Recorded data
*****

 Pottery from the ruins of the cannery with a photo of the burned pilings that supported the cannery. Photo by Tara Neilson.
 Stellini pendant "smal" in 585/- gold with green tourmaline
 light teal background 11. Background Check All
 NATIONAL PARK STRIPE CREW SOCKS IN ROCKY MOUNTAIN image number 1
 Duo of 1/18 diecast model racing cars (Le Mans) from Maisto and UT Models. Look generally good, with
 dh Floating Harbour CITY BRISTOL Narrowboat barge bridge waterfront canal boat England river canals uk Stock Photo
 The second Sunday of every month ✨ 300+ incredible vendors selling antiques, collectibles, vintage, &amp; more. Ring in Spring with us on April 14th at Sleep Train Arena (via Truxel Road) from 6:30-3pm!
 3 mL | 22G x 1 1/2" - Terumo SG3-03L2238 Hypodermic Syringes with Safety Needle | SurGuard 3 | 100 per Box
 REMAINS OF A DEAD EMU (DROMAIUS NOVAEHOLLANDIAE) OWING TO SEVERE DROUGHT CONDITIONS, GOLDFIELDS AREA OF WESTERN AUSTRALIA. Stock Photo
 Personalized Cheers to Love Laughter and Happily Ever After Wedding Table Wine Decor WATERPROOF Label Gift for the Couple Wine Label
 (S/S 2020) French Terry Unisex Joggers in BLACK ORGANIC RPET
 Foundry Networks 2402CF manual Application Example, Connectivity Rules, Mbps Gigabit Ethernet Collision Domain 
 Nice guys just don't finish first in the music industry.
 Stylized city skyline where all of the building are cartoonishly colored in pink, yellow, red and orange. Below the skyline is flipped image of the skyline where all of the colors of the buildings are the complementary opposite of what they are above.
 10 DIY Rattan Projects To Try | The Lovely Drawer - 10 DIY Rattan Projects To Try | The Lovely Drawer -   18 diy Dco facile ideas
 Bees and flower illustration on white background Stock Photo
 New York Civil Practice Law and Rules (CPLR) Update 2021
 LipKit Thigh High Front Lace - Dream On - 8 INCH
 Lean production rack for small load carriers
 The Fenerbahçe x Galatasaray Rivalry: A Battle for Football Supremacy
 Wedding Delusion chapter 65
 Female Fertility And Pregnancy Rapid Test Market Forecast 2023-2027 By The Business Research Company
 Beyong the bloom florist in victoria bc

*****

## EXERCISE AIM
The answer must consist of each line in the entries above that includes "Wedding".

## SOLVED EXERCISE
 Personalized Cheers to Love Laughter and Happily Ever After Wedding Table Wine Decor WATERPROOF Label Gift for the Couple Wine Label
 Wedding Delusion chapter 65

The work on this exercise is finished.